Conway felt a sense of pride and connectedness knowing someone from his little corner of sprawling LA was carving out a platform for his opinions in the hallowed pages of one of America’s preeminent newspapers. It helped that Conway found himself agreeing with 90 percent of the center-right opinions Reilly was dishing out in taking on the ever more liberal Times.
“He always seemed to be right on point, at least from my perspective,” Conway said. “Not too far in right field, not too far in left field. I really admired him from afar.”
So Conway was stunned several years ago when his wife Chris invited a long-time friend of hers, Ilene Pendleton, over to their house. She brought along her husband Reilly, whose name Conway recognized as soon as he was introduced. “I’ve been reading your letters for years,” he told Reilly. “I’m a big fan. I try not to miss any of them.”
But it turned out he had been missing a significant percentage. He had no idea Reilly had also been publishing letters in the Sunday Calendar section, as well as the week-day letters on the Op-Ed Page and the Saturday letters in the sports section.
Conway favors baseball metaphors. In Conway’s humble opinion, Reilly has yet to hit a grand slam, but came close recently with a letter in the sports section praising LaVar Ball for being a good father after the trade of his son Lonzo Ball from the LA Lakers to the New Orleans Pelicans. This was after a series of Reilly letters over the last several years slamming Ball for being a loud-mouthed braggart and attention hog who was making life more difficult than it had to be for his three hoops playing sons, Lonzo, LiAngelo and LaMelo.
Coincidentally, in his short talk, Reilly had mentioned that particular letter, noting that it unleashed a torrent of criticism from readers who felt he was suddenly being too easy on the senior Ball.
Reilly noted that while other letter writers sometimes responded to his letters, that was a practice he scrupulously avoided.
“My feeling is I have my opinion and you have yours,” he said. “If someone else writes a letter that I don’t like, I just let it go. I don’t respond.”
Reilly described the first letter he ever wrote to the Times, in 1999.

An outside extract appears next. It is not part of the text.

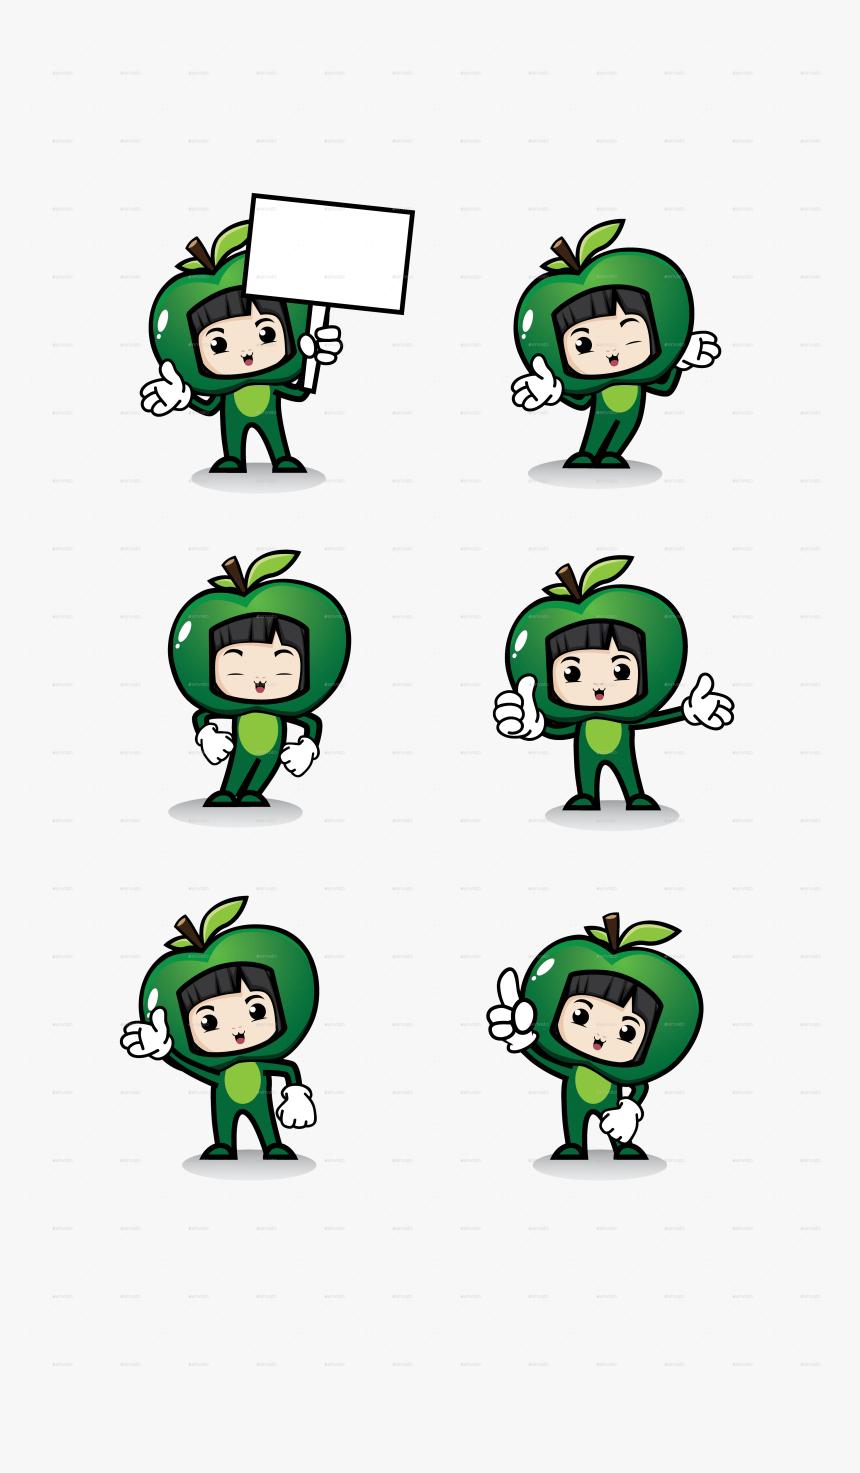 Apple Girl Mascot Apple Girl Mascot - Cartoon, HD Png Download, Free Download

“The Times ran an editorial essentially blaming Pope Pius 12 for the Holocaust, and I couldn’t just let that go,” Reilly said. “My argument was that the people responsible for the Holocaust were Adolf Hitler, Henrich Himmler, Hermann Goering and all those wonderful people that ran Germany at the time.”
Reilly acquired a love of history from his mother Henriette and frequently refers to historical events to make his points in his letters.

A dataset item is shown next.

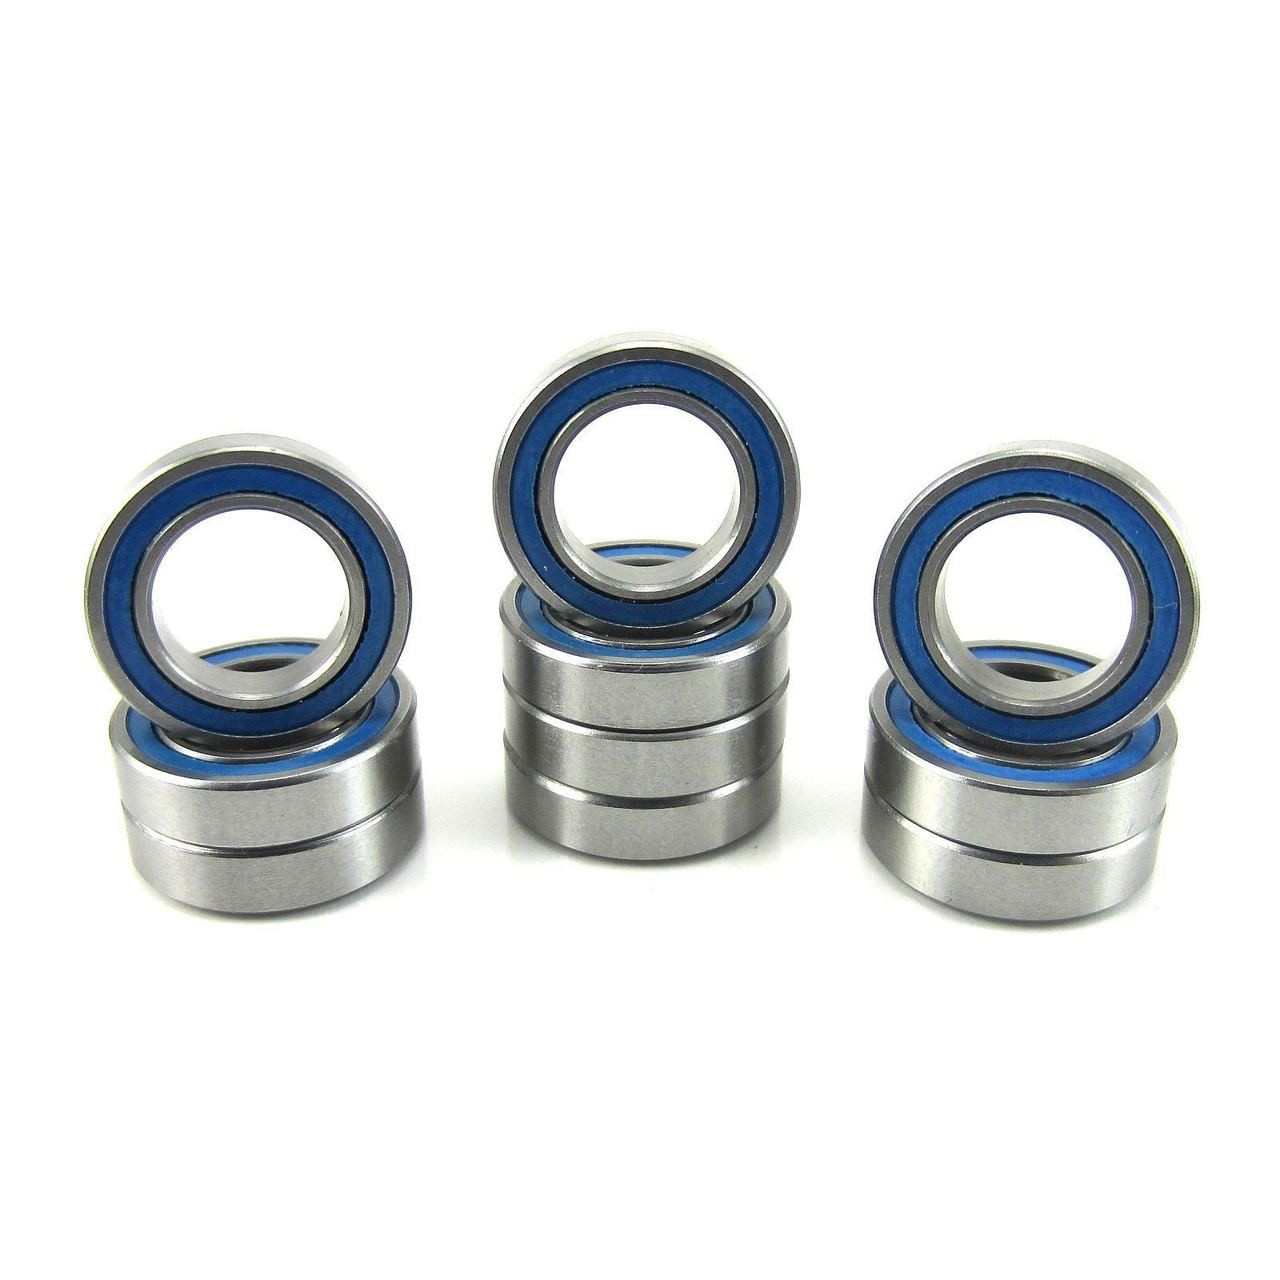 TRB RC 3/8x5/8x5/32 Precision Ball Bearings ABEC 3 BLU Rubber Sealed (10)

He makes the point that America is a republic, not a true democracy, and Sunday he told the story of King Louis 16 of France to illustrate the distinction.
“King Louie 16 was found guilty of high treason against the French people in January 1793. When it was time for the penalty phase, 360 legislators voted for death by guillotine, and 360 voted for life – meaning exile or imprisonment,” he said. “There was one person left to cast a vote, who happened to be his own first cousin the Duke of Orleans. With a heavy heart, he said, it was his duty to vote for death. That was true democracy in action.”
His fellow Vietnam vet, Colonel Montano, served with Reilly in Vietnam and says he is exactly the same person he was nearly 50 years ago, offering strong opinions backed up facts and research.
“He was a very bright guy, a natural leader and a solid citizen who really cared about the world around him,” Montano said. “That hasn’t changed at all.”